The data Start Marker

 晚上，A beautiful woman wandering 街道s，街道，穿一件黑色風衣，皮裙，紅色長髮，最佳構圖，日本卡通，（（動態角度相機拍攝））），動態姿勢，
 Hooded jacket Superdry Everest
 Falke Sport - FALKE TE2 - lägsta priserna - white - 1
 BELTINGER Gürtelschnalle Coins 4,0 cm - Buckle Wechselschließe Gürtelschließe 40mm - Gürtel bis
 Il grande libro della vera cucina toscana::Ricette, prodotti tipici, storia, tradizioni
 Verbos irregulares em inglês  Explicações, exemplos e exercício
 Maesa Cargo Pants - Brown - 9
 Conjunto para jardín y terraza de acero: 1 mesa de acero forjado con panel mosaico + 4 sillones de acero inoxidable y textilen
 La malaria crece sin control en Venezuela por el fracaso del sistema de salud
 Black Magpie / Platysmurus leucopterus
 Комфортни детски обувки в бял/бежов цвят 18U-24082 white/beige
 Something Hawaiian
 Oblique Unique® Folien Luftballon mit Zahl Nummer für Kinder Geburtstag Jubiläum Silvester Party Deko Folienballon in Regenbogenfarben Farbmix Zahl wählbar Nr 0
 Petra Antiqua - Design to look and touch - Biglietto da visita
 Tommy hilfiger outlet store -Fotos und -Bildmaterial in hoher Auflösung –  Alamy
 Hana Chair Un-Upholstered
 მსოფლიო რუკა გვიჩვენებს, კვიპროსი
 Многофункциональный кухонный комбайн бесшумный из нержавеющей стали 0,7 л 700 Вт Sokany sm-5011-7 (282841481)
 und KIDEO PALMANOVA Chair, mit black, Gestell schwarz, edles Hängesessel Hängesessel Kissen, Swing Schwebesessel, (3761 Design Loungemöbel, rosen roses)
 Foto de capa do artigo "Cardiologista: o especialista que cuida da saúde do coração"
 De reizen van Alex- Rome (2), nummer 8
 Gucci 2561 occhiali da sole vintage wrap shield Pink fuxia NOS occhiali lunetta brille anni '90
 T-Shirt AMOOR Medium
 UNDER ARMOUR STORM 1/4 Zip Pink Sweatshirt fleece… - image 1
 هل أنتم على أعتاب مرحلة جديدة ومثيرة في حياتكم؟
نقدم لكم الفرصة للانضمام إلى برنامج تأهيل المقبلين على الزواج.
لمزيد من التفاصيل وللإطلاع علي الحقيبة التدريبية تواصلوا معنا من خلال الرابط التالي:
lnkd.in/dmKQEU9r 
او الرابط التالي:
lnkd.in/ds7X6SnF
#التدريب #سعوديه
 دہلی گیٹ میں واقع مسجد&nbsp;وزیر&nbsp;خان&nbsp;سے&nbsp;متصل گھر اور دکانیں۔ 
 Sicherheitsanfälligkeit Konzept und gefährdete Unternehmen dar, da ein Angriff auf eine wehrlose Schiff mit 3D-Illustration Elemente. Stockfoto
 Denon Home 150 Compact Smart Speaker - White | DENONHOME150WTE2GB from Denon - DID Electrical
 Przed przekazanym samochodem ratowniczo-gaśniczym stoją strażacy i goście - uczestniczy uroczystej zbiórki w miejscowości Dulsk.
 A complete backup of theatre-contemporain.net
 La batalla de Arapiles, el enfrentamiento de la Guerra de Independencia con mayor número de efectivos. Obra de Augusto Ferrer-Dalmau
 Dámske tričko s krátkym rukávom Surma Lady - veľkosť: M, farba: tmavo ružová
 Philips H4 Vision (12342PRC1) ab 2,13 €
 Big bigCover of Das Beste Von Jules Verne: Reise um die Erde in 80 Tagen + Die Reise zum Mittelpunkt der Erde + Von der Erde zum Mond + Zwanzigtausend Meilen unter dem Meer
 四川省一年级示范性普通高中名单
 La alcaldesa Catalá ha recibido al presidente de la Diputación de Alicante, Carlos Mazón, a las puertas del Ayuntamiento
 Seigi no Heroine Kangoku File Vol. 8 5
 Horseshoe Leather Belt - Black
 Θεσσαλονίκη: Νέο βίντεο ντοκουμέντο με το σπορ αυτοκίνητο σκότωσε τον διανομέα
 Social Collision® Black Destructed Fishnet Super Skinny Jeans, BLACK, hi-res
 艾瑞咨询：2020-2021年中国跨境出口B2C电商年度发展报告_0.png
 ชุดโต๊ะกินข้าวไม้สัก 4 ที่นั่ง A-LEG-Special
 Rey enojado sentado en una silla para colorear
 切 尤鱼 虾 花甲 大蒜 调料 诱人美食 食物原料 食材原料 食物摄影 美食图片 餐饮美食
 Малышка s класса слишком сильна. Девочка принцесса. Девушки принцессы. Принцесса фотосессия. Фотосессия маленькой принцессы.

The data End Marker

= Problem to work on =
Retype all of the material. Each line must match exactly.

= Your response =
 晚上，A beautiful woman wandering 街道s，街道，穿一件黑色風衣，皮裙，紅色長髮，最佳構圖，日本卡通，（（動態角度相機拍攝））），動態姿勢，
 Hooded jacket Superdry Everest
 Falke Sport - FALKE TE2 - lägsta priserna - white - 1
 BELTINGER Gürtelschnalle Coins 4,0 cm - Buckle Wechselschließe Gürtelschließe 40mm - Gürtel bis
 Il grande libro della vera cucina toscana::Ricette, prodotti tipici, storia, tradizioni
 Verbos irregulares em inglês  Explicações, exemplos e exercício
 Maesa Cargo Pants - Brown - 9
 Conjunto para jardín y terraza de acero: 1 mesa de acero forjado con panel mosaico + 4 sillones de acero inoxidable y textilen
 La malaria crece sin control en Venezuela por el fracaso del sistema de salud
 Black Magpie / Platysmurus leucopterus
 Комфортни детски обувки в бял/бежов цвят 18U-24082 white/beige
 Something Hawaiian
 Oblique Unique® Folien Luftballon mit Zahl Nummer für Kinder Geburtstag Jubiläum Silvester Party Deko Folienballon in Regenbogenfarben Farbmix Zahl wählbar Nr 0
 Petra Antiqua - Design to look and touch - Biglietto da visita
 Tommy hilfiger outlet store -Fotos und -Bildmaterial in hoher Auflösung –  Alamy
 Hana Chair Un-Upholstered
 მსოფლიო რუკა გვიჩვენებს, კვიპროსი
 Многофункциональный кухонный комбайн бесшумный из нержавеющей стали 0,7 л 700 Вт Sokany sm-5011-7 (282841481)
 und KIDEO PALMANOVA Chair, mit black, Gestell schwarz, edles Hängesessel Hängesessel Kissen, Swing Schwebesessel, (3761 Design Loungemöbel, rosen roses)
 Foto de capa do artigo "Cardiologista: o especialista que cuida da saúde do coração"
 De reizen van Alex- Rome (2), nummer 8
 Gucci 2561 occhiali da sole vintage wrap shield Pink fuxia NOS occhiali lunetta brille anni '90
 T-Shirt AMOOR Medium
 UNDER ARMOUR STORM 1/4 Zip Pink Sweatshirt fleece… - image 1
 هل أنتم على أعتاب مرحلة جديدة ومثيرة في حياتكم؟
نقدم لكم الفرصة للانضمام إلى برنامج تأهيل المقبلين على الزواج.
لمزيد من التفاصيل وللإطلاع علي الحقيبة التدريبية تواصلوا معنا من خلال الرابط التالي:
lnkd.in/dmKQEU9r 
او الرابط التالي:
lnkd.in/ds7X6SnF
#التدريب #سعوديه
 دہلی گیٹ میں واقع مسجد&nbsp;وزیر&nbsp;خان&nbsp;سے&nbsp;متصل گھر اور دکانیں۔ 
 Sicherheitsanfälligkeit Konzept und gefährdete Unternehmen dar, da ein Angriff auf eine wehrlose Schiff mit 3D-Illustration Elemente. Stockfoto
 Denon Home 150 Compact Smart Speaker - White | DENONHOME150WTE2GB from Denon - DID Electrical
 Przed przekazanym samochodem ratowniczo-gaśniczym stoją strażacy i goście - uczestniczy uroczystej zbiórki w miejscowości Dulsk.
 A complete backup of theatre-contemporain.net
 La batalla de Arapiles, el enfrentamiento de la Guerra de Independencia con mayor número de efectivos. Obra de Augusto Ferrer-Dalmau
 Dámske tričko s krátkym rukávom Surma Lady - veľkosť: M, farba: tmavo ružová
 Philips H4 Vision (12342PRC1) ab 2,13 €
 Big bigCover of Das Beste Von Jules Verne: Reise um die Erde in 80 Tagen + Die Reise zum Mittelpunkt der Erde + Von der Erde zum Mond + Zwanzigtausend Meilen unter dem Meer
 四川省一年级示范性普通高中名单
 La alcaldesa Catalá ha recibido al presidente de la Diputación de Alicante, Carlos Mazón, a las puertas del Ayuntamiento
 Seigi no Heroine Kangoku File Vol. 8 5
 Horseshoe Leather Belt - Black
 Θεσσαλονίκη: Νέο βίντεο ντοκουμέντο με το σπορ αυτοκίνητο σκότωσε τον διανομέα
 Social Collision® Black Destructed Fishnet Super Skinny Jeans, BLACK, hi-res
 艾瑞咨询：2020-2021年中国跨境出口B2C电商年度发展报告_0.png
 ชุดโต๊ะกินข้าวไม้สัก 4 ที่นั่ง A-LEG-Special
 Rey enojado sentado en una silla para colorear
 切 尤鱼 虾 花甲 大蒜 调料 诱人美食 食物原料 食材原料 食物摄影 美食图片 餐饮美食
 Малышка s класса слишком сильна. Девочка принцесса. Девушки принцессы. Принцесса фотосессия. Фотосессия маленькой принцессы.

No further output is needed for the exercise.